**Exercise brief**
Retype the entries exactly. Include every line.

**Data for the task**

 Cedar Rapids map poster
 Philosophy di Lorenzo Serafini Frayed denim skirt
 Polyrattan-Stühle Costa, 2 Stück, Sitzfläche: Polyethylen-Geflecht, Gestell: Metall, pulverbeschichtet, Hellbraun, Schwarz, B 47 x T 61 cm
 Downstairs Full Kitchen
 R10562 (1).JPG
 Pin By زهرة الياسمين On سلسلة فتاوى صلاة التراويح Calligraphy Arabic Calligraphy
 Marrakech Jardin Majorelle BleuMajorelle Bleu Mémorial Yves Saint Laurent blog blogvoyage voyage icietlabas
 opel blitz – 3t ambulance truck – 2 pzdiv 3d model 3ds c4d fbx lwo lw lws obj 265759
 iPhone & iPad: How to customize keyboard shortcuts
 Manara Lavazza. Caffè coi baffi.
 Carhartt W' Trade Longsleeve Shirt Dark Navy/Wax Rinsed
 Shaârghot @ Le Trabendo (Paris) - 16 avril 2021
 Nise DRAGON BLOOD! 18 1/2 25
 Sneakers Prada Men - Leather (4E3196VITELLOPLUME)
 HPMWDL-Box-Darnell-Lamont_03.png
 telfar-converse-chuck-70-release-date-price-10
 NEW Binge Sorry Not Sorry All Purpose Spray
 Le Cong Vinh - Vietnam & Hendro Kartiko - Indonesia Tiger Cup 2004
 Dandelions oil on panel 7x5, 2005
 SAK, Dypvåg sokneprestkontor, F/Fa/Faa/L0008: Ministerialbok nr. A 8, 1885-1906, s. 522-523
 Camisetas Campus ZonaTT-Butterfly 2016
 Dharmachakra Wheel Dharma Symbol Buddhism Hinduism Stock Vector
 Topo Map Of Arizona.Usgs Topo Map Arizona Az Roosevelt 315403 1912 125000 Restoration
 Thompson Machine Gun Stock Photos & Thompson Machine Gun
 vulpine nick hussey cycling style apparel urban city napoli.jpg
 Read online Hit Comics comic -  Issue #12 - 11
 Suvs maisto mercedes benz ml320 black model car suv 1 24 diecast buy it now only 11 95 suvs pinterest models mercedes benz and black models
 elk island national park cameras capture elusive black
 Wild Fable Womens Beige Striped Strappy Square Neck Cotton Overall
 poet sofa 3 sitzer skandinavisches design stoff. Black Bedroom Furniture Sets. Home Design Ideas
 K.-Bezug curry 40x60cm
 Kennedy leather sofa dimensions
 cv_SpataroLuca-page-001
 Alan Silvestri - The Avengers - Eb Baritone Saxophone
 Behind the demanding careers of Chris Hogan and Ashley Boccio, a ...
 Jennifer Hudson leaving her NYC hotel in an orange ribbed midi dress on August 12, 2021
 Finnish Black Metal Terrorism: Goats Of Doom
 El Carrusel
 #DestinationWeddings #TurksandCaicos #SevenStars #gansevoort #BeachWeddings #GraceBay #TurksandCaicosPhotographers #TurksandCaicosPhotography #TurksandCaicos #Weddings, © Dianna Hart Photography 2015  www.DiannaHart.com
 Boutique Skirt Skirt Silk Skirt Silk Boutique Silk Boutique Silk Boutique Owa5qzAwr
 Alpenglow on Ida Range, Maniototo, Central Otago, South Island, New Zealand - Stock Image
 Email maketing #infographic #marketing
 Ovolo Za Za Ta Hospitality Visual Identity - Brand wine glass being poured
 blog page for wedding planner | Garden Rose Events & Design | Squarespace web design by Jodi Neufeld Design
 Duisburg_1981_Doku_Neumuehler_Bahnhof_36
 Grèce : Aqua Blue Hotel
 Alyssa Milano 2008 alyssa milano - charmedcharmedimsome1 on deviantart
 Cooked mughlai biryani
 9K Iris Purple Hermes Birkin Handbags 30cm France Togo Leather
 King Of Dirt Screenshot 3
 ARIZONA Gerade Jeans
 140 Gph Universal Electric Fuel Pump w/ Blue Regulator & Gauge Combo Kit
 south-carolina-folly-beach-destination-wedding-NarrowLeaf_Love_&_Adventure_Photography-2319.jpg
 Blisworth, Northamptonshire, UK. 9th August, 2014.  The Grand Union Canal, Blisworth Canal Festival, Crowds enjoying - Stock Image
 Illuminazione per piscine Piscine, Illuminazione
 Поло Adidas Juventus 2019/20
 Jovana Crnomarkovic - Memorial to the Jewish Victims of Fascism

**Your solution**
 Cedar Rapids map poster
 Philosophy di Lorenzo Serafini Frayed denim skirt
 Polyrattan-Stühle Costa, 2 Stück, Sitzfläche: Polyethylen-Geflecht, Gestell: Metall, pulverbeschichtet, Hellbraun, Schwarz, B 47 x T 61 cm
 Downstairs Full Kitchen
 R10562 (1).JPG
 Pin By زهرة الياسمين On سلسلة فتاوى صلاة التراويح Calligraphy Arabic Calligraphy
 Marrakech Jardin Majorelle BleuMajorelle Bleu Mémorial Yves Saint Laurent blog blogvoyage voyage icietlabas
 opel blitz – 3t ambulance truck – 2 pzdiv 3d model 3ds c4d fbx lwo lw lws obj 265759
 iPhone & iPad: How to customize keyboard shortcuts
 Manara Lavazza. Caffè coi baffi.
 Carhartt W' Trade Longsleeve Shirt Dark Navy/Wax Rinsed
 Shaârghot @ Le Trabendo (Paris) - 16 avril 2021
 Nise DRAGON BLOOD! 18 1/2 25
 Sneakers Prada Men - Leather (4E3196VITELLOPLUME)
 HPMWDL-Box-Darnell-Lamont_03.png
 telfar-converse-chuck-70-release-date-price-10
 NEW Binge Sorry Not Sorry All Purpose Spray
 Le Cong Vinh - Vietnam & Hendro Kartiko - Indonesia Tiger Cup 2004
 Dandelions oil on panel 7x5, 2005
 SAK, Dypvåg sokneprestkontor, F/Fa/Faa/L0008: Ministerialbok nr. A 8, 1885-1906, s. 522-523
 Camisetas Campus ZonaTT-Butterfly 2016
 Dharmachakra Wheel Dharma Symbol Buddhism Hinduism Stock Vector
 Topo Map Of Arizona.Usgs Topo Map Arizona Az Roosevelt 315403 1912 125000 Restoration
 Thompson Machine Gun Stock Photos & Thompson Machine Gun
 vulpine nick hussey cycling style apparel urban city napoli.jpg
 Read online Hit Comics comic -  Issue #12 - 11
 Suvs maisto mercedes benz ml320 black model car suv 1 24 diecast buy it now only 11 95 suvs pinterest models mercedes benz and black models
 elk island national park cameras capture elusive black
 Wild Fable Womens Beige Striped Strappy Square Neck Cotton Overall
 poet sofa 3 sitzer skandinavisches design stoff. Black Bedroom Furniture Sets. Home Design Ideas
 K.-Bezug curry 40x60cm
 Kennedy leather sofa dimensions
 cv_SpataroLuca-page-001
 Alan Silvestri - The Avengers - Eb Baritone Saxophone
 Behind the demanding careers of Chris Hogan and Ashley Boccio, a ...
 Jennifer Hudson leaving her NYC hotel in an orange ribbed midi dress on August 12, 2021
 Finnish Black Metal Terrorism: Goats Of Doom
 El Carrusel
 #DestinationWeddings #TurksandCaicos #SevenStars #gansevoort #BeachWeddings #GraceBay #TurksandCaicosPhotographers #TurksandCaicosPhotography #TurksandCaicos #Weddings, © Dianna Hart Photography 2015  www.DiannaHart.com
 Boutique Skirt Skirt Silk Skirt Silk Boutique Silk Boutique Silk Boutique Owa5qzAwr
 Alpenglow on Ida Range, Maniototo, Central Otago, South Island, New Zealand - Stock Image
 Email maketing #infographic #marketing
 Ovolo Za Za Ta Hospitality Visual Identity - Brand wine glass being poured
 blog page for wedding planner | Garden Rose Events & Design | Squarespace web design by Jodi Neufeld Design
 Duisburg_1981_Doku_Neumuehler_Bahnhof_36
 Grèce : Aqua Blue Hotel
 Alyssa Milano 2008 alyssa milano - charmedcharmedimsome1 on deviantart
 Cooked mughlai biryani
 9K Iris Purple Hermes Birkin Handbags 30cm France Togo Leather
 King Of Dirt Screenshot 3
 ARIZONA Gerade Jeans
 140 Gph Universal Electric Fuel Pump w/ Blue Regulator & Gauge Combo Kit
 south-carolina-folly-beach-destination-wedding-NarrowLeaf_Love_&_Adventure_Photography-2319.jpg
 Blisworth, Northamptonshire, UK. 9th August, 2014.  The Grand Union Canal, Blisworth Canal Festival, Crowds enjoying - Stock Image
 Illuminazione per piscine Piscine, Illuminazione
 Поло Adidas Juventus 2019/20
 Jovana Crnomarkovic - Memorial to the Jewish Victims of Fascism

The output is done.